I’ve been a leader in the long fight to fund nurses in every school. I supervised the UW School of Public Health research documenting how school nurses improve both health and academic outcomes as we work to pass legislation in 2021 to finally increase the state’s funding of just .07 of a nurse per elementary school.

Graphic courtesy UW School of Public Health Community Oriented Public Health Practice Program MPH candidate students Dec. 2021.

That work and expertise were reflected in my leadership developing and passing nation leading legislation:


We still have a lot of work to continue this fight.

We know that we will have another major earthquake in our lifetimes that will kill tens of thousands of our children (and educators) because generation after generation of legislators have said let the next generation respond to this known risk, rather than investing to retrofit our schools so our children will not be killed or injured.

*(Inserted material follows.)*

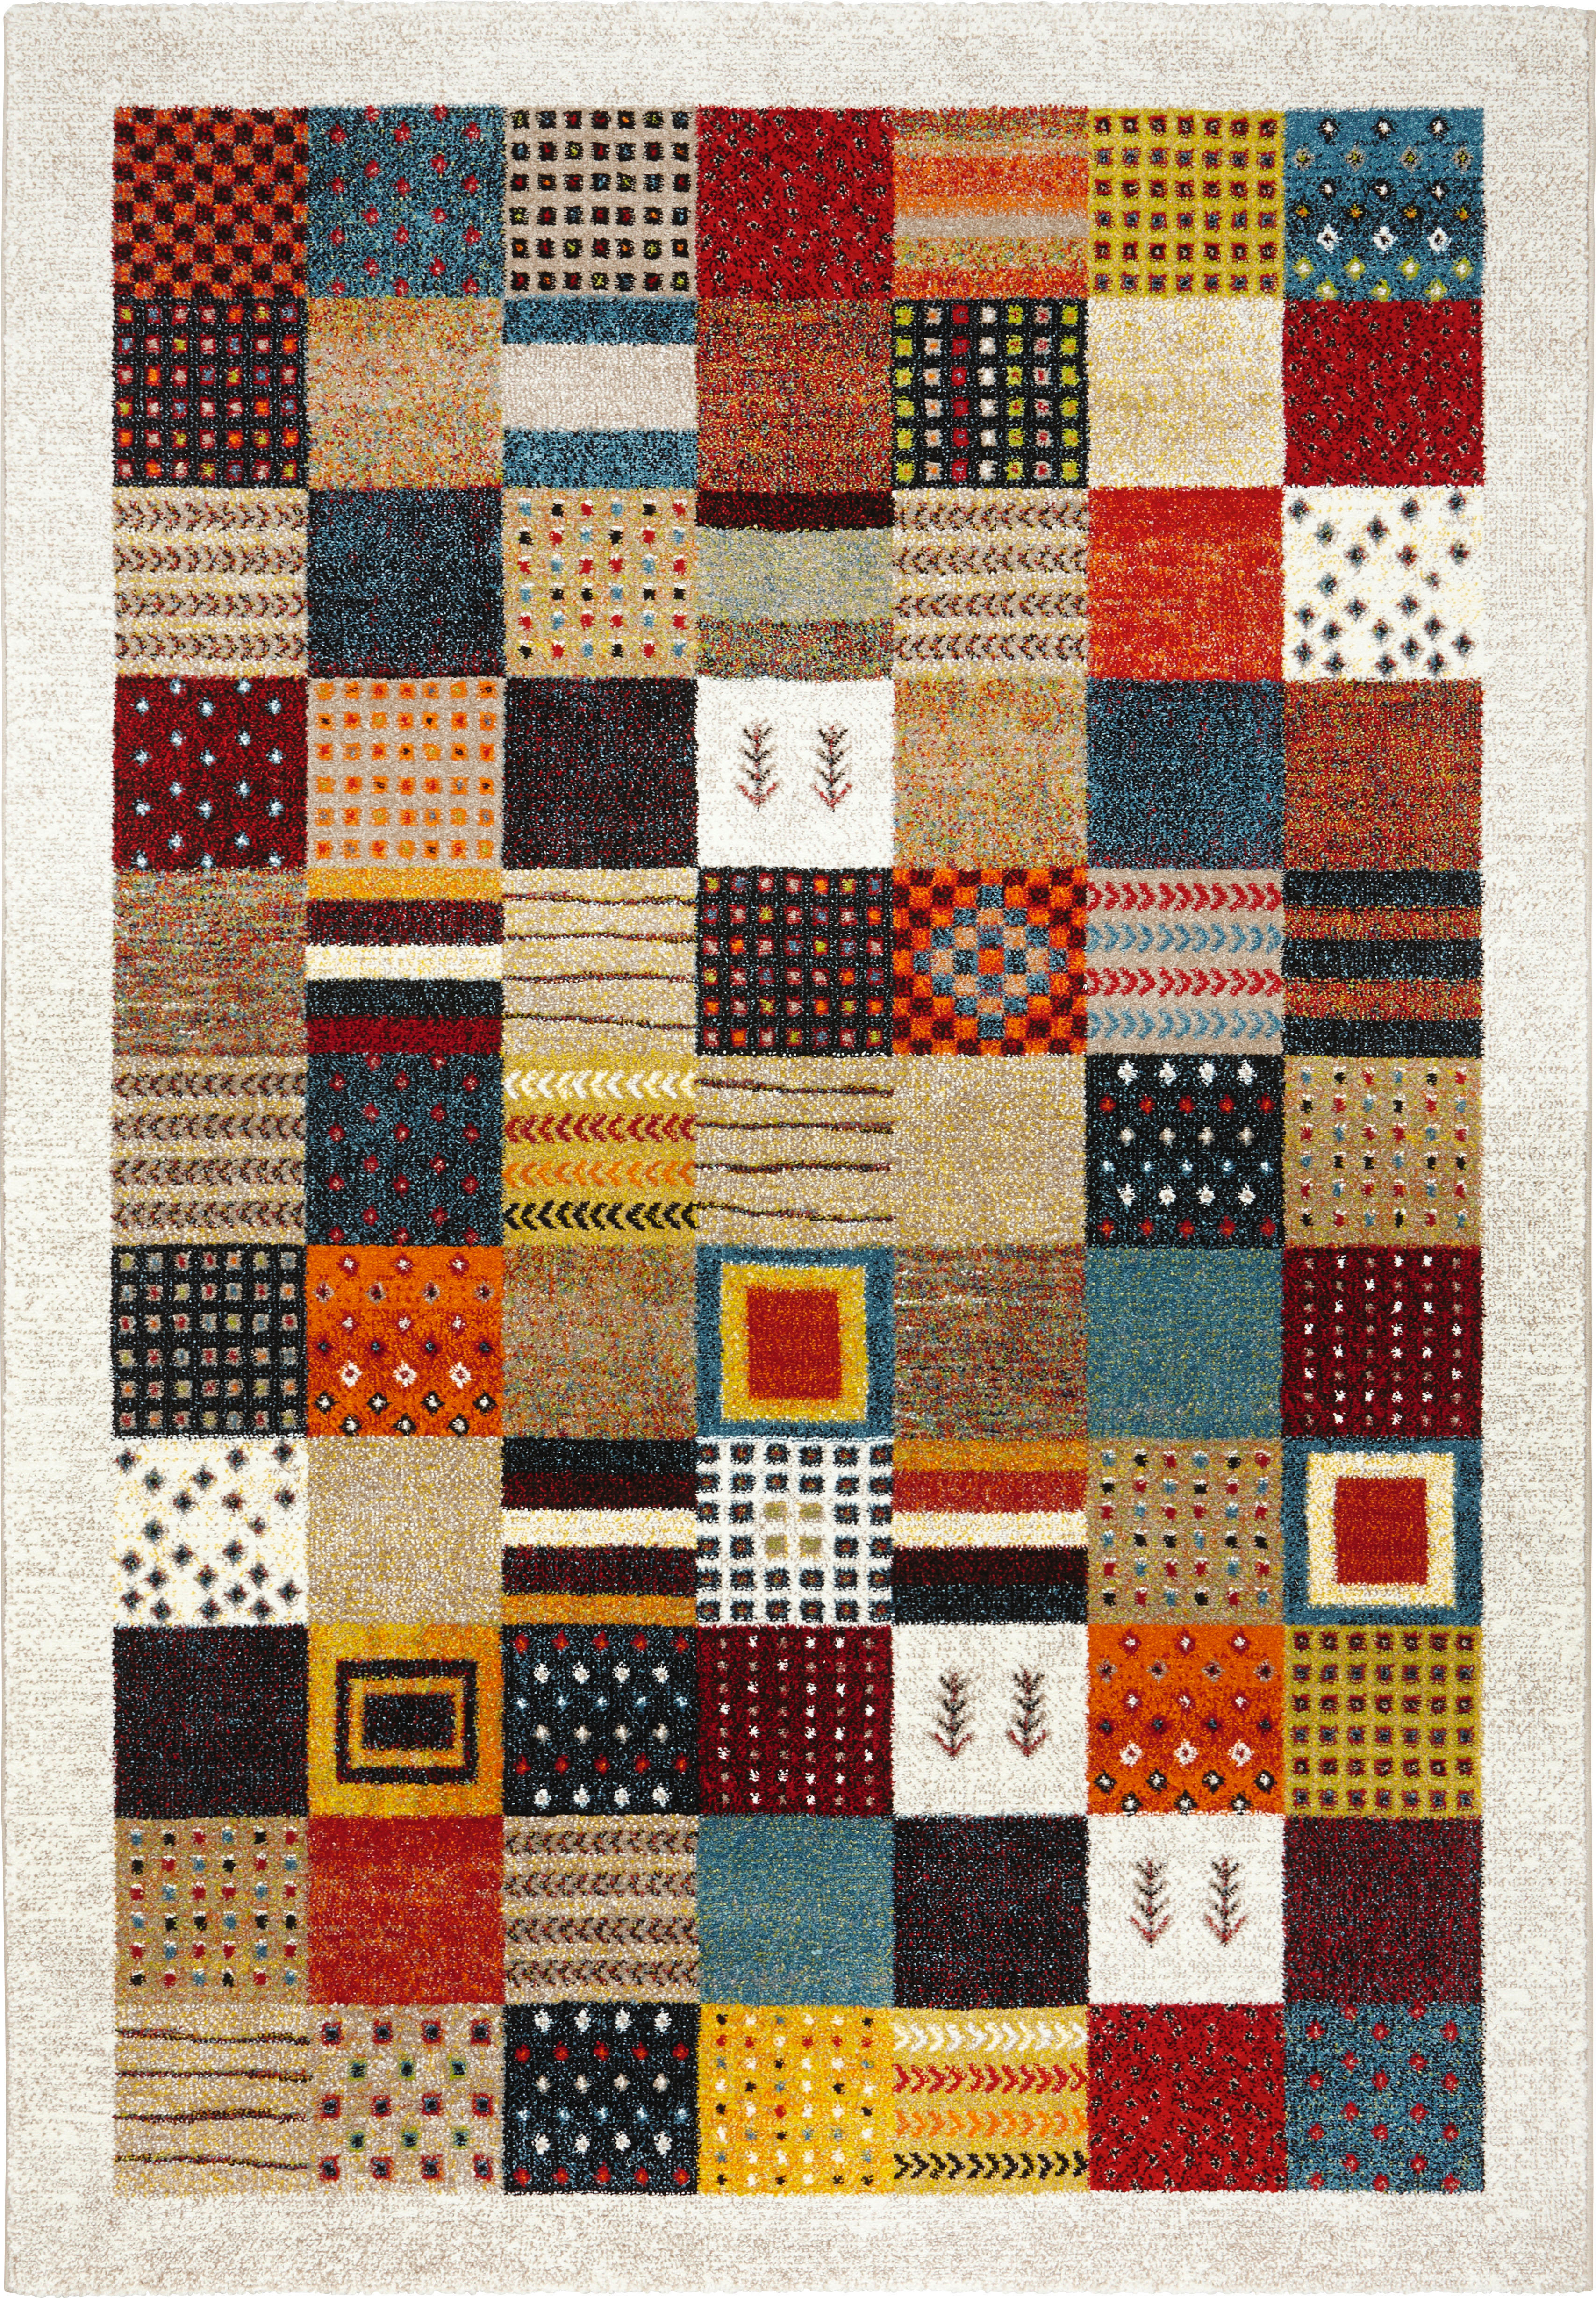 COVOR ȚESUT Cassandra  - multicolor, Lifestyle, textil (67/130cm) - Novel

That is why I sponsored HB 2095 this year, the House version of Senator Frockt’s bill to create a School Seismic Safety Grant program. This builds on legislation I introduced in 2017, which led to funding of the engineering review that has identified hundreds of schools that will collapse in a major earthquake.

This year’s bill would provide $500 million to retrofit schools to meet seismic standards and ensure we complete the work evaluating which schools will fail in a large quake.

I collaborated with the The Seattle Times in their investigation disclosing how children and teachers are being exposed to deadly PCBs in schools from old lighting fixtures.

PCBs are carcinogens, exposure at tiny levels causes damage to the immune system, nervous system, kidney function, and other dangerous health issues.

I’ve introduced an amendment to the budget for the Board of Health and UW to study how to protect our children from PCBs and to give the Board of Health the authority it needs to inspect and implement those standards to protect our children.

And, I’ve been working with three other Representatives to develop a funding program in the Capital Budget to remove these dangerous light fixtures from schools, so our school districts can do the right thing.

Our children need to be safe and learning when they are at school.

Our children and their teachers need to know that we care enough to ensure that a school building is safe.

From fighting big tobacco to stop the epidemic of nicotine addiction from vaping to ensuring our children don’t die in an earthquake, to ensuring we have school nurses, I’ll keep working to protect and promote our children’s health and safety because we can’t push the hidden cost of delay to another generation – and it’s our paramount duty!